On 23rd June 2016, I voted to remain in the EU but the majority of those who voted decided we should commit the biggest act of self-harm in our history and leave. Another one I got wrong.
Meanwhile. Ed Miliband’s final act was to bring in a new leadership election system whereby people who were not members of Labour could pay £3 and get a vote equal to that of a member. It’s too depressing to go into detail other than to say instead getting Andy Burnham or Yvette Cooper, we ended up with an elderly hard left crank, a career backbencher, as leader of her majesty’s opposition. Ladies and gentleman: I give you Jeremy Corbyn.
Meanwhile, the Conservatives chose a safe pair of hands to succeed Cameron: home secretary Theresa May. What could possibly go wrong?

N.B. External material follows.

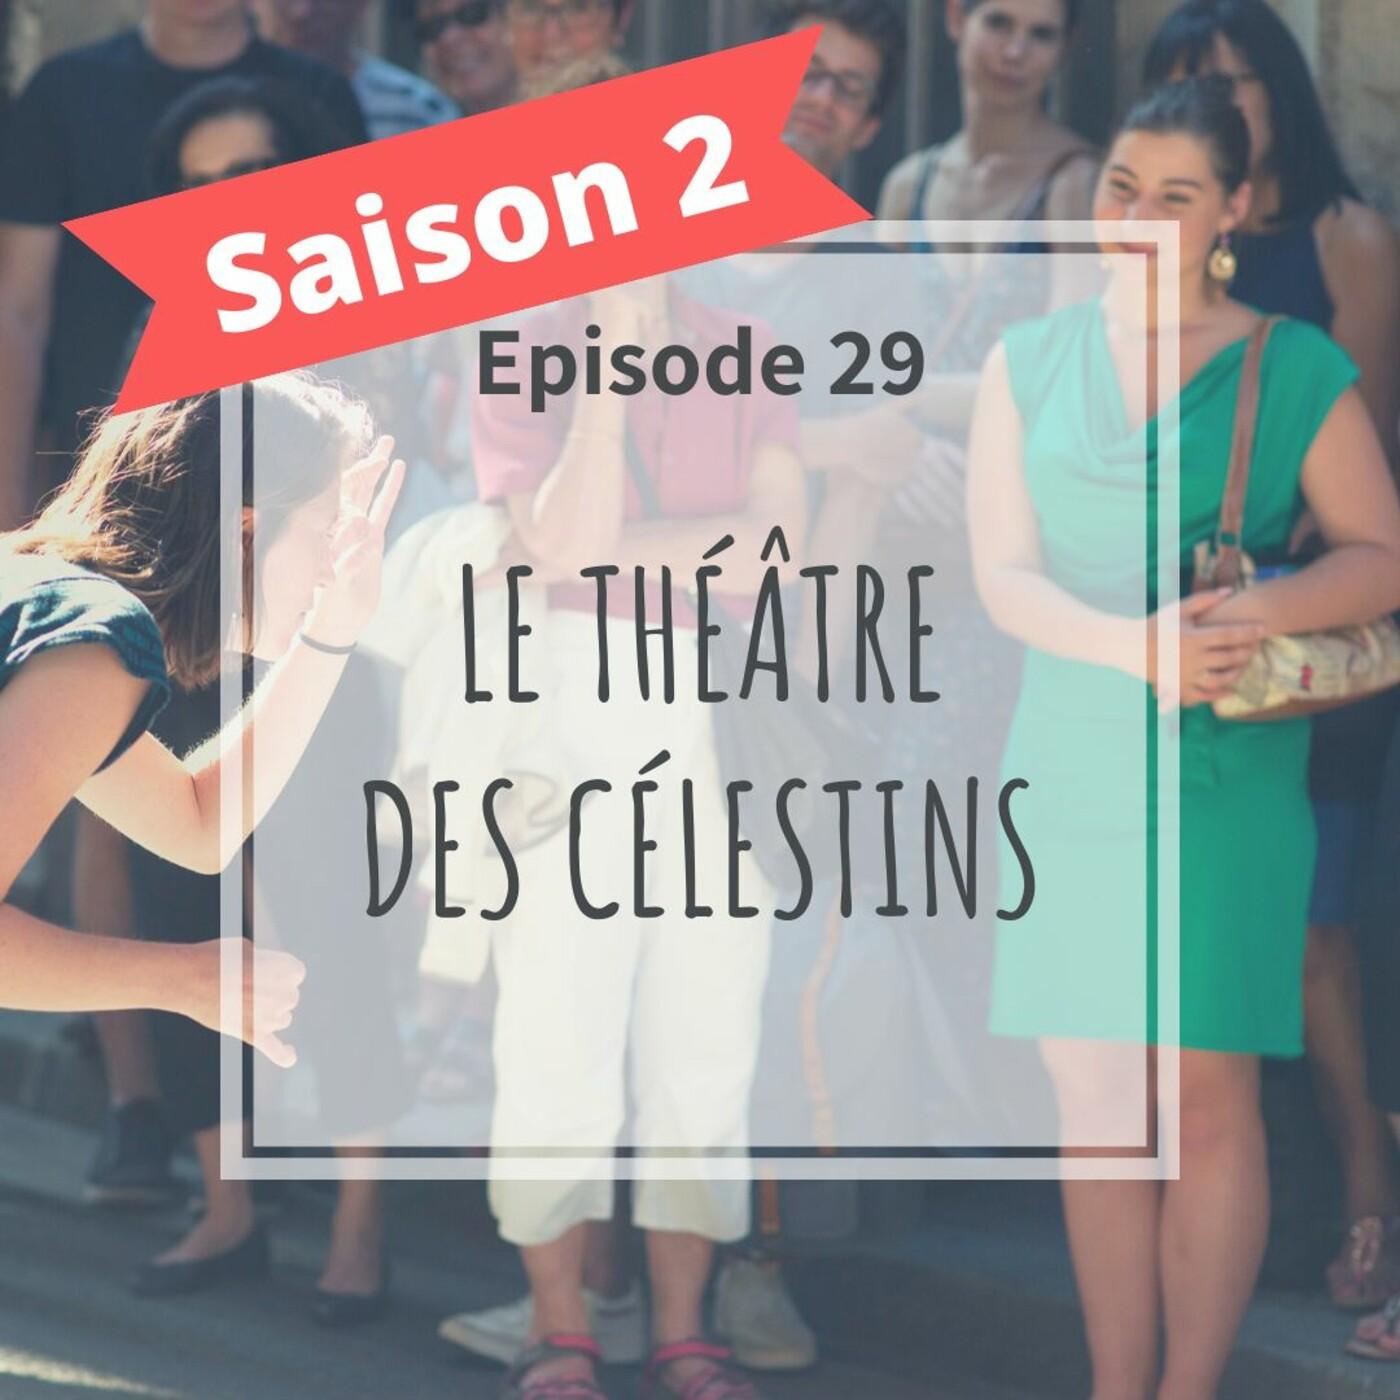 2-29 - Le Théâtre Des Célestin

8th June 2017 – I voted Labour
But only just. May was a terrible prime minister and ran the worst general election campaign in history. In the weeks leading up to the election, I felt a small to middling Tory majority would be our best bet, but May was so bad she failed even to get that.
Corbyn appeared to be a barnstorming campaigner. A dreadful public speaker, he nonetheless attended countless well-attended rallies all over the country. I thought about his support for Hamas, the IRA, his paid work for the Iranian state TV broadcaster Press TV, his dubious associations with groups like Stop the West – sorry, War – and then had to decide which was the least of two evils. I could never vote Tory, I could not vote Lib Dem, especially not in my constituency where it would be a wasted vote so I decided to vote for the local Labour candidate who seemed a good sort and not a Corbyn fan. She lost anyway, as did Corbyn, but I was a heartbeat from spoiling my ballot paper.

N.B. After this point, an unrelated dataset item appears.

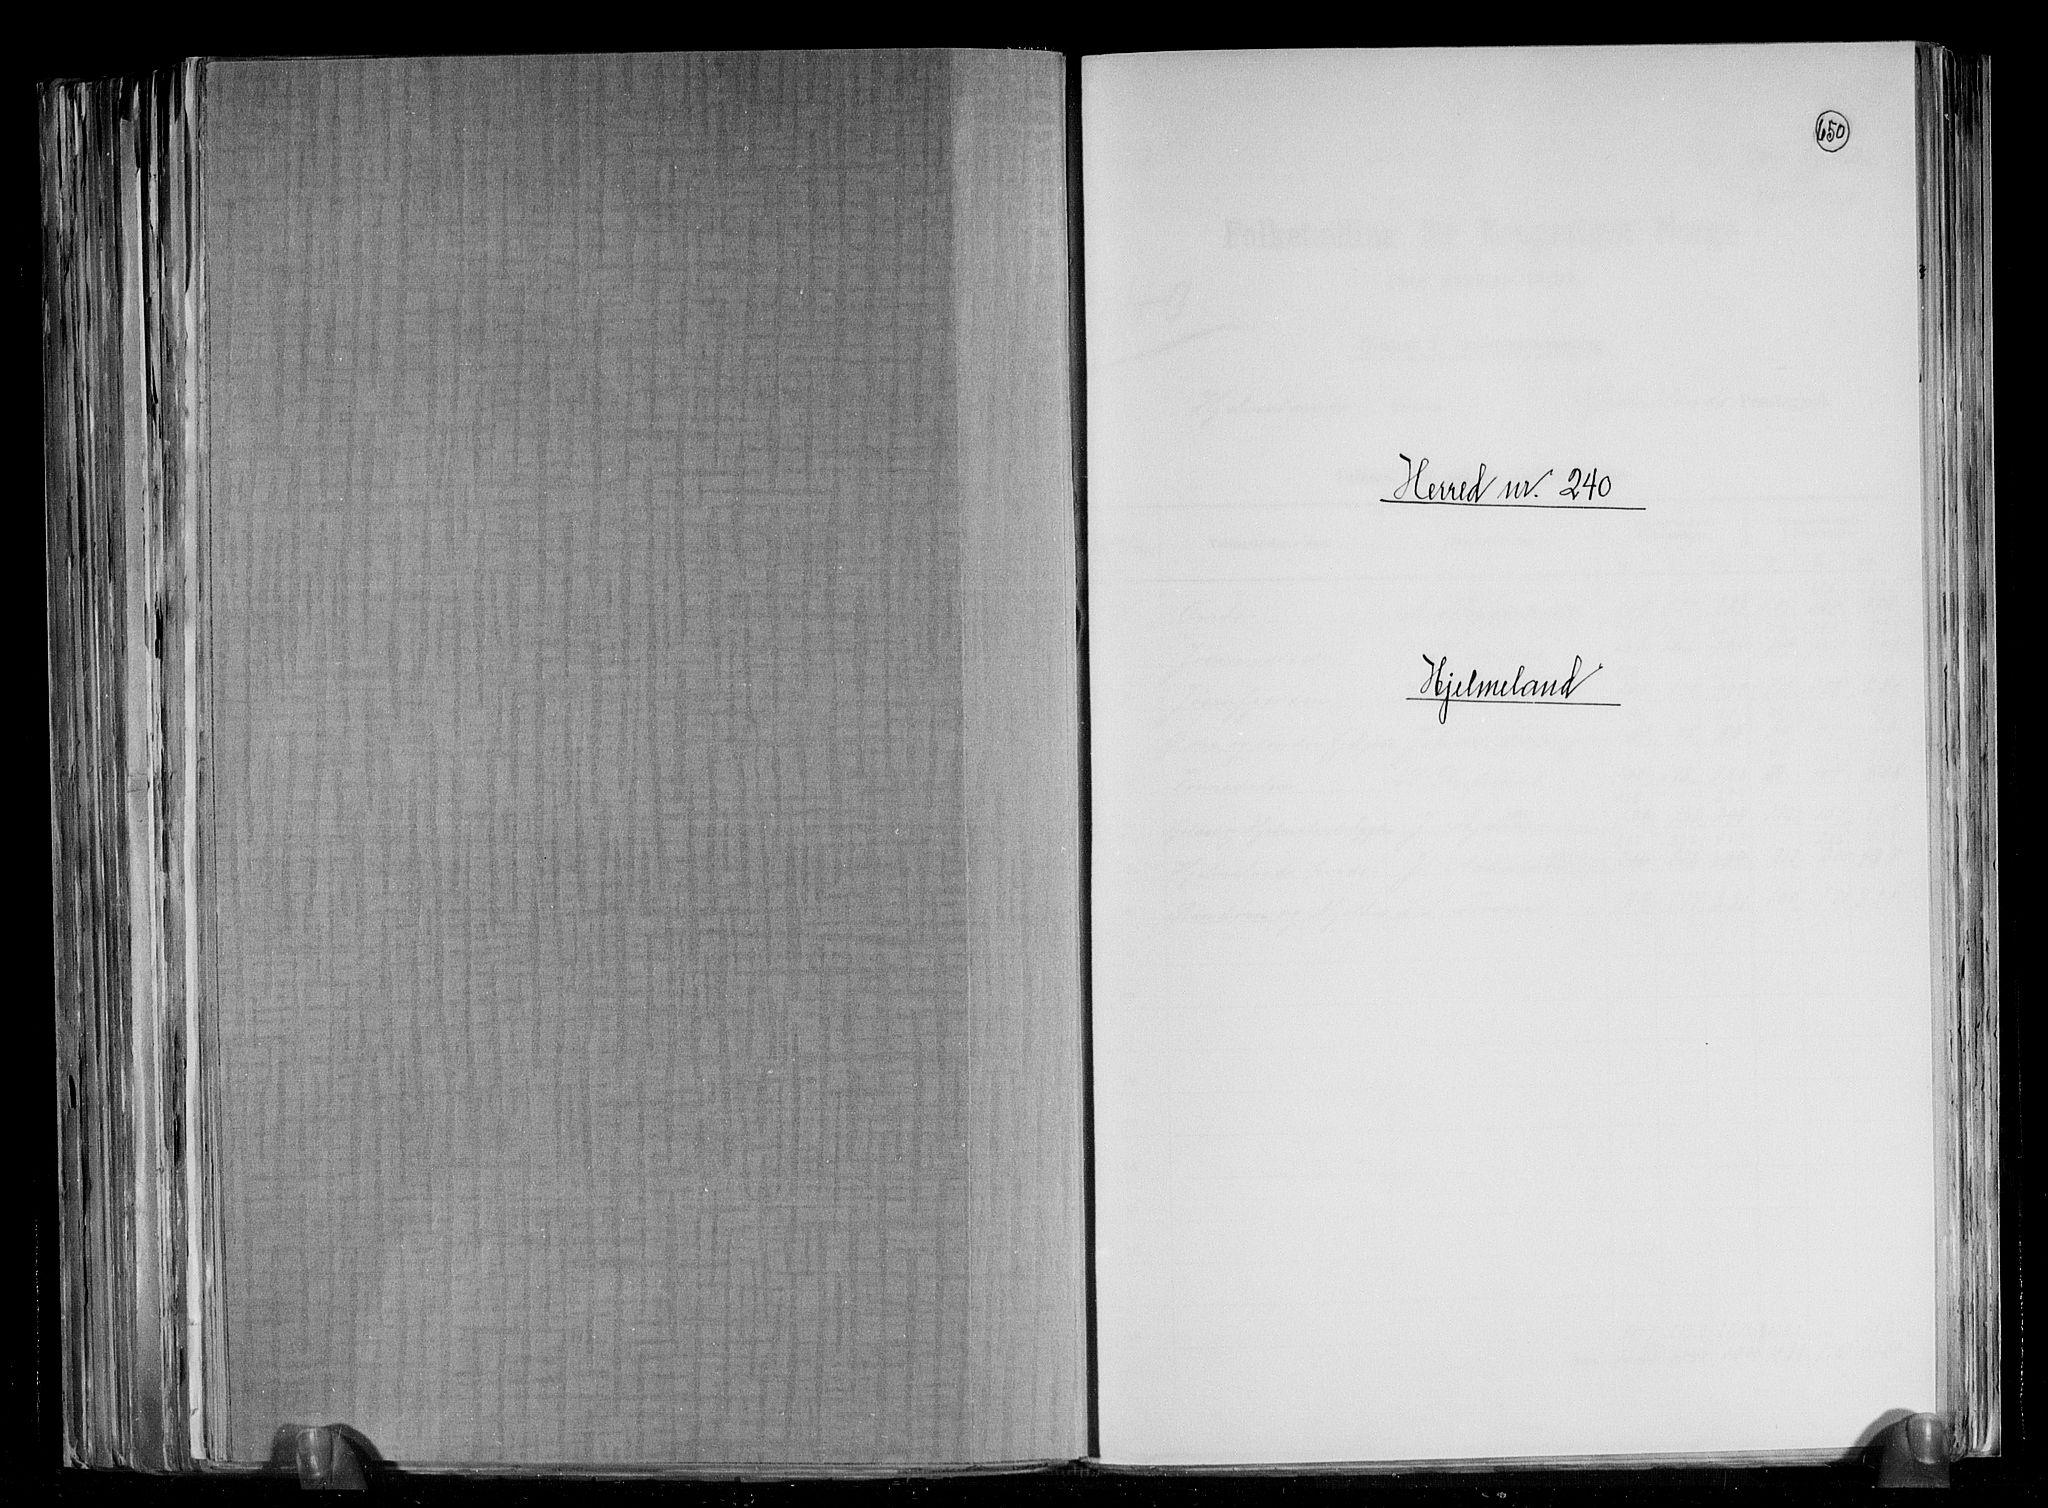 RA, Folketelling 1891 for 1133 Hjelmeland herred, 1891, s. 1

12th December 2019 – I voted Labour
After arsing about for a couple of years, May was eventually removed and replaced by a liar, a shyster, a charlatan and an absolute wrong ‘un. They were all the same person: Boris Johnson. Johnson was popular in some circles for achieving Brexit, even though he no more believed in it than I did. But for some odd reason, he connected well with working class people, of whose lives he knew nothing and cared even less.
Corbyn was still Labour leader and most of us bit our tongues as he criss-crossed the country shouting at people who already agreed with him. Not only was he a terrible public speaker, he was a poor parliamentary performer. It was clear he did not have an original idea in his entire being. Johnson wanted to call an election but could only do so with the assistance of the opposition, which in a tragic act of stupidity Corbyn happily gave him.

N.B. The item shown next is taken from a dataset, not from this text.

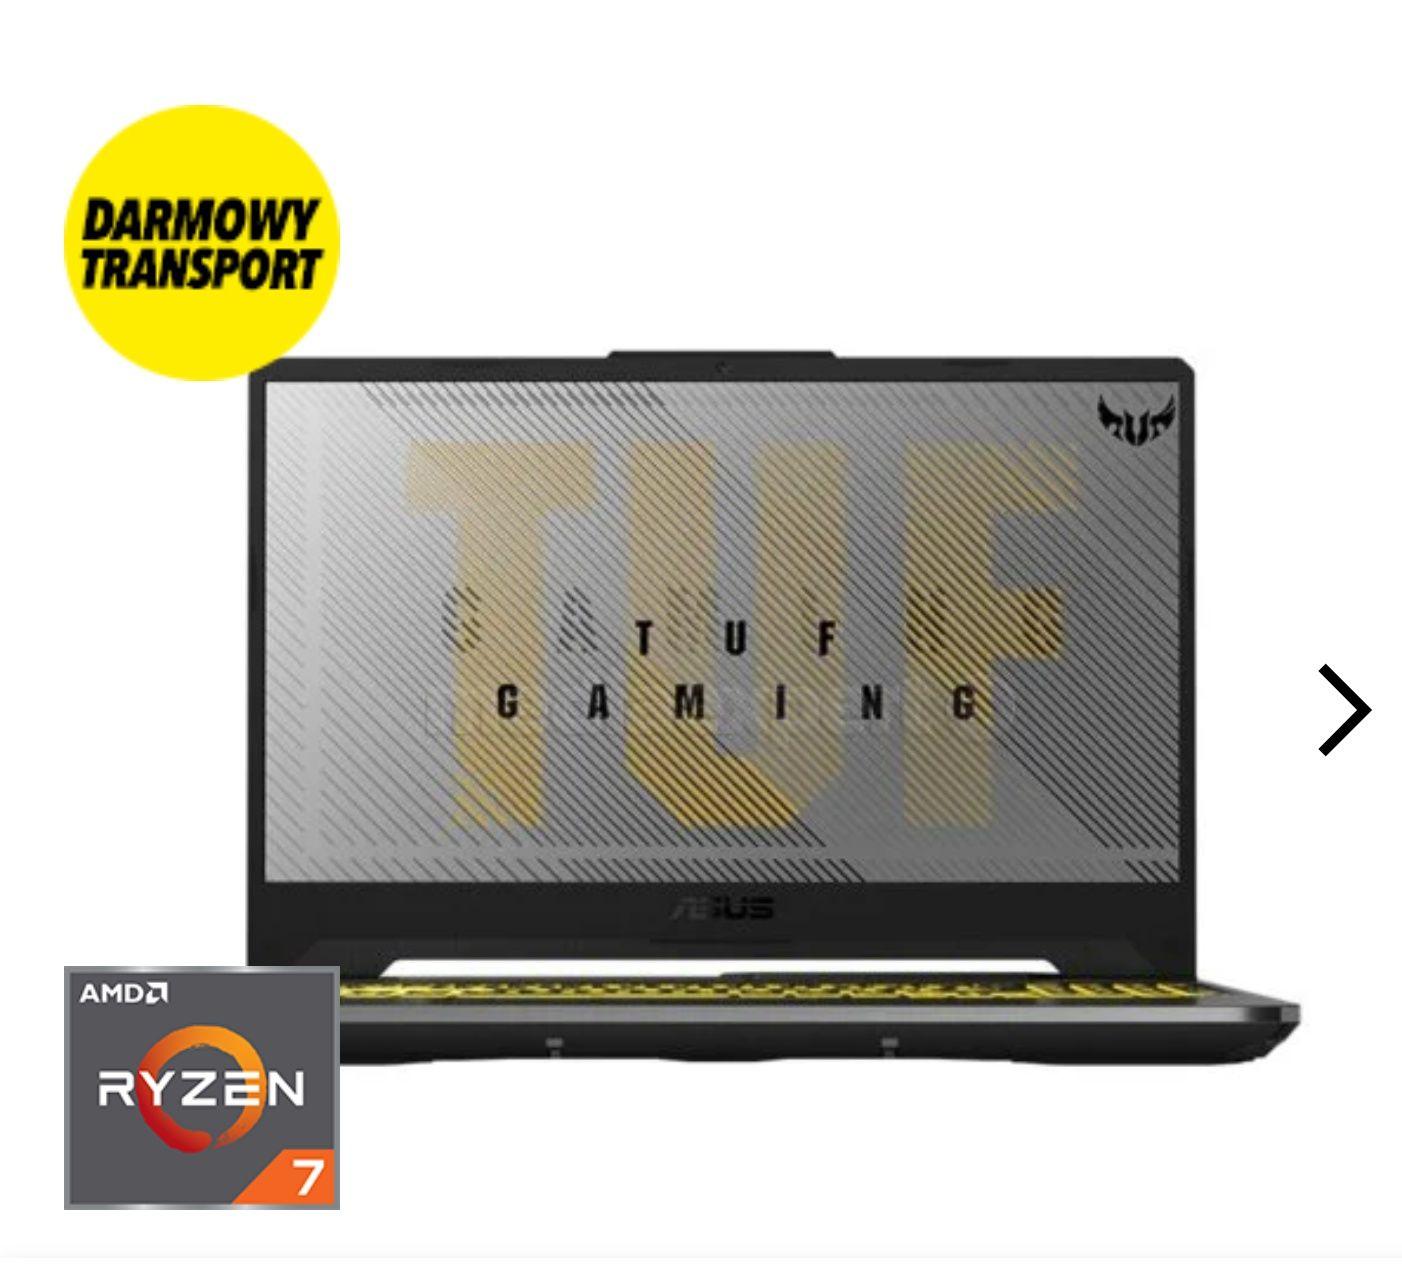 Laptop ASUS Tuf Gaming A15 Ryzen 7 4800H RTX2060 1TB

The result was clear long before the day. Corbyn ran a poor campaign and came across as what he was: a poor excuse for a leader who had been totally found out. Result? Labour’s worst result since 1936 and a Tory majority of 80.
CONCLUSION
Well, there isn’t one really. I’ve always voted Labour and even when a wrong ‘un like Corbyn was nominally in charge, I still voted for it. In 42 years of voting in general elections, I’ve only ‘got it right’ on three occasions, in 1997, 2001 and 2005. Labour rarely wins and it’s unlikely it can unless it makes inroads back in Scotland.
I learned very early what I believed in, which was a left of centre politics, with strong investment in the NHS, schools and other vital public services, as well as a society in which hard work and innovation was rewarded, where people would be encouraged to get on, be the best person they can. Call it the third way, call it what you like. I’d probably call it a mixed economy.
Tony Blair’s government delivered all that and more. My only regret about the New Labour years was that the changes it made were not made irreversible. Unfortunately, rightly or wrongly, Iraq tarnished Blair’s reputation and he won’t be back. But a government like his, where the country was more or less united and where we were not in the grip of endless culture wars, well they have to be better than the Johnson years, wouldn’t they?